Understanding the Internet — the ‘Experiment That Escaped the Lab’
Maria Apostolaki’s research focuses on something billions of people use every day, but few fully understand: internet networks. Despite their ubiquity, these systems largely operate out of public view. Apostolaki’s work to make networks more secure helps protect everyone who uses the internet.
Originally from Greece, she studied electrical and computer engineering at the National Technical University of Athens. While pursuing her Ph.D. in information technology and electrical engineering at ETH Zurich, Apostolaki worked at Microsoft and Google in research and software engineering. Since joining the Princeton faculty, Apostolaki has won a National Science Foundation award and a Sloan fellowship, totaling $675,000 in funding for her research.
Apostolaki’s lab focuses on making internet networks secure, drawing on multiple disciplines, including machine learning, data processing, and hardware. “Just understanding that there is this issue, there is this risk, I can make multiple different choices to reduce my risk and also push toward a more universal solution that would make the internet more secure,” Apostolaki says.
Quick Facts
Title
Assistant professor of electrical and computer engineering
Time at Princeton
4 years
Recent Class
Computer Networks
Apostolaki’s Research: A Sampling
Data center traffic
Researchers such as Apostolaki talk about internet networks in terms of their topology or graphs, which show how devices like phones and TVs on a network are connected with one another. The internet is made up of thousands of interconnected networks. Data centers host websites, artificial intelligence models, and games, and act as the “cloud” where information is stored.
Apostolaki recently co-authored a paper exploring ways for smaller data centers to process traffic. Most studies about data center efficiency have focused on large-scale producers, such as Google and Microsoft. But it’s important for data centers of every size to perform efficiently in order to route information appropriately.
“Improving the efficiency and connectivity of smaller data centers is important because many of them rely on the public internet rather than private backbone networks,” Apostolaki says. “If we can help these data centers communicate more efficiently over the internet, typical users may see better performance for the services hosted there.”
Middle Monitoring
Another recent paper Apostolaki co-authored focuses on routing attacks on networks. Apostolaki compared it to someone reading the exterior of envelopes in the mail. “They may not see the message inside, but they can see who is sending mail to whom, how often, and how large each envelope is. That information can still reveal a lot,” she says.
Her work aims to reduce this exposure by preventing any single intermediate network from seeing the full communication pattern. Instead of sending all traffic over one path, we can split traffic across multiple internet paths, making it harder for one network to infer what the user is doing.
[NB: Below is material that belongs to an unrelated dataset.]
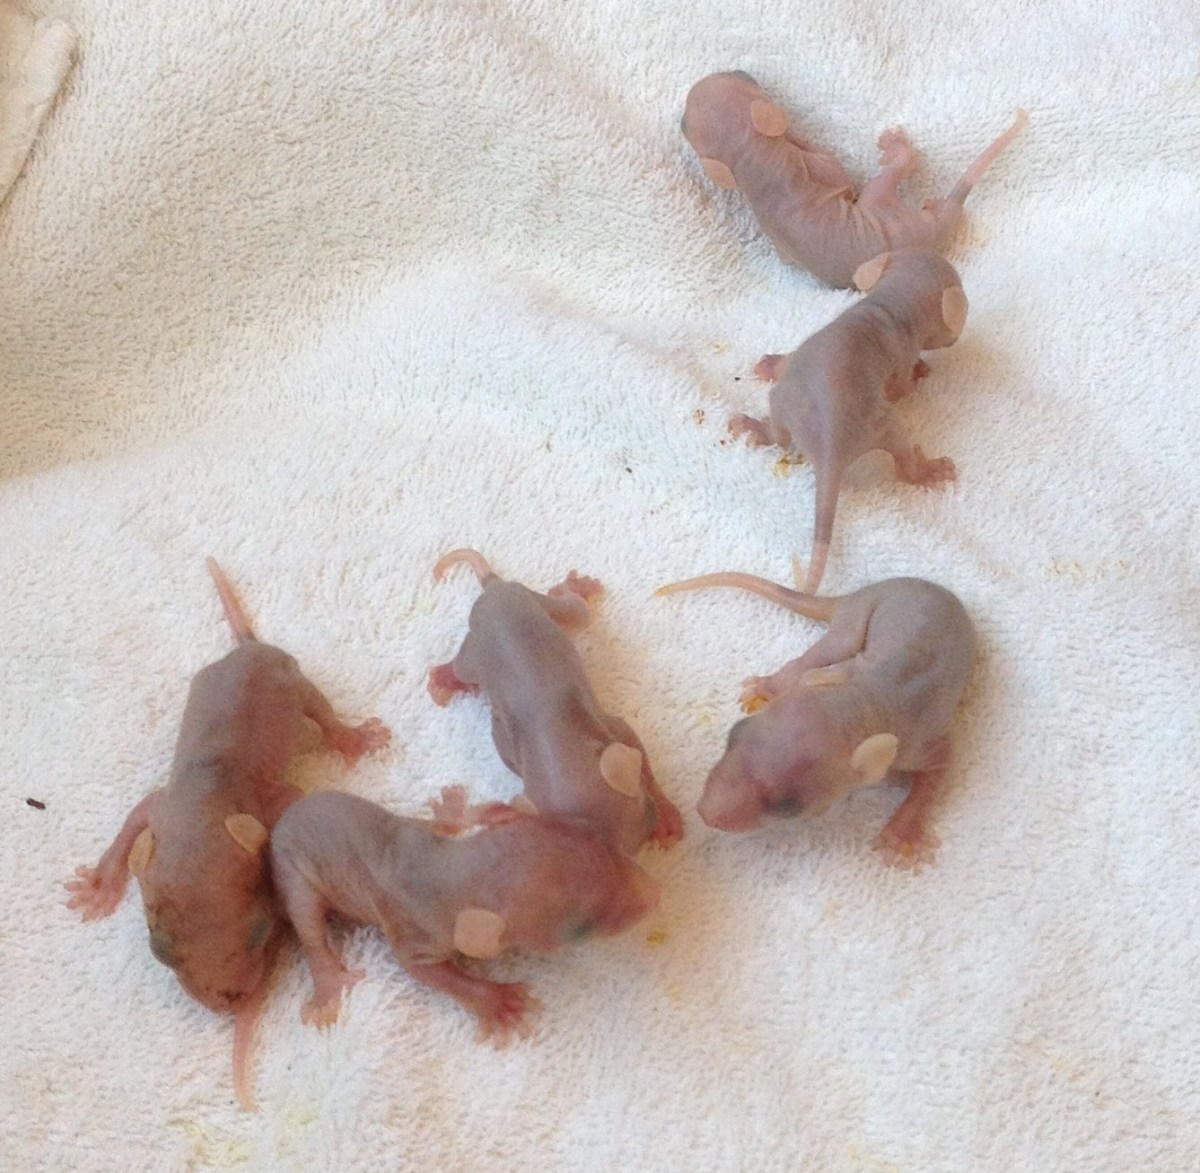 These baby possums are smaller than your fist
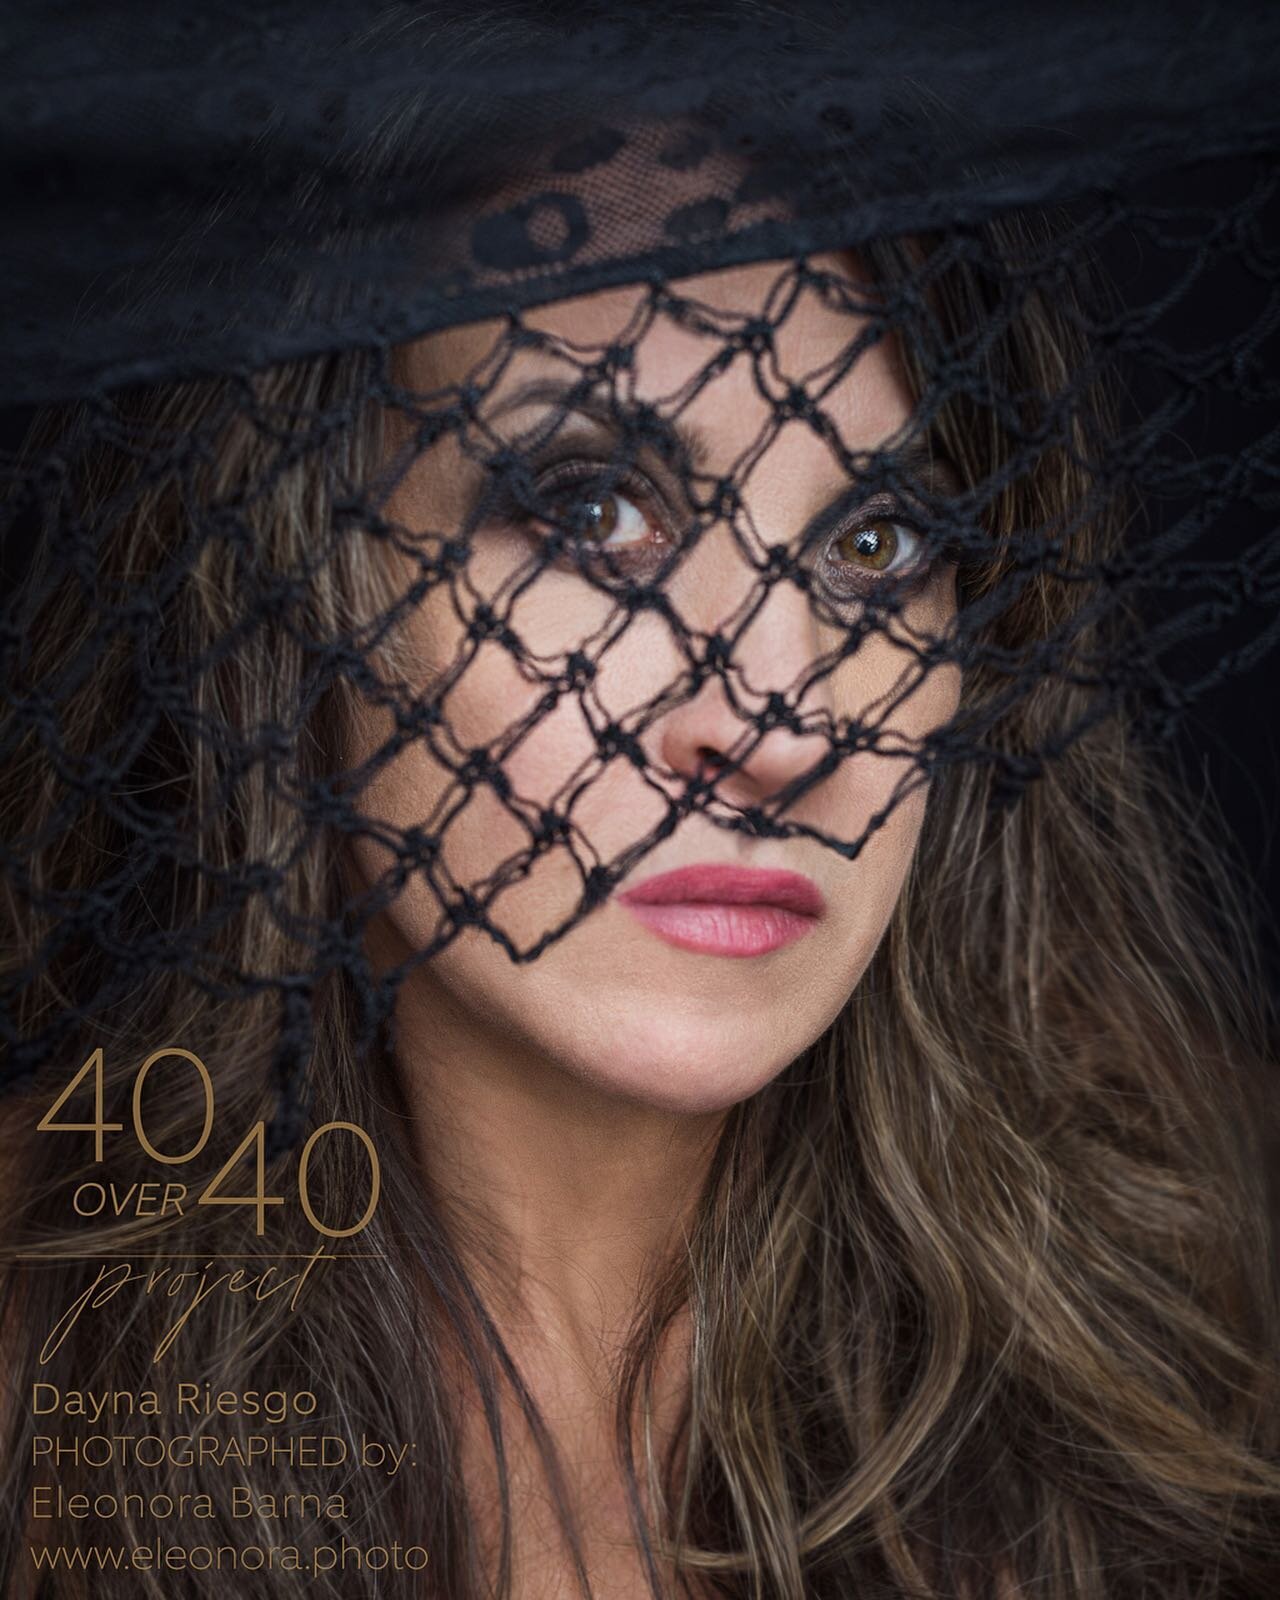 40 over 40 project is in full swing! I can&rsquo;t wait to share more amazing stories and images. Her&rsquo;s another of the beautiful and Incredible Dayna who wears many hats. I have never met another person who does so much sooooo well. Organizing

This issue is “fundamentally hard to solve,” Apostolaki says, in part because it is difficult even to know that there’s a middleman there, and it can take significant time to identify an attack. The one thing attackers can’t hide is latency, Apostolaki says, which is the time delay for data to travel. Deploying a latency monitor at the border of a network could allow a network to stop traffic if it senses latency. Apostolaki said that many networks already have such a monitor in place.
Security Solutions
Apostolaki’s lab is currently working toward the creation of what’s known as a neurosymbolic network. The term “neurosymbolic” combines two concepts: “neural” referring to machine learning, and “symbolic” referring to the creation of math equations that logically run the network. Apostolaki says that right now it is difficult to have a good model of an internet network, meaning that it is more difficult to solve security issues and create efficiencies.
The internet, Apostolaki says, was not designed to be secure — it’s “an experiment that escaped the lab.” Creating a mathematical model for internet networks that would collaborate with machine learning combines what she calls the “creativity and power” of machine learning with the “guarantees and the trustworthiness” of mathematical models. “Networks are actually critical infrastructure,” she explains. “So we cannot afford [to be] making mistakes.”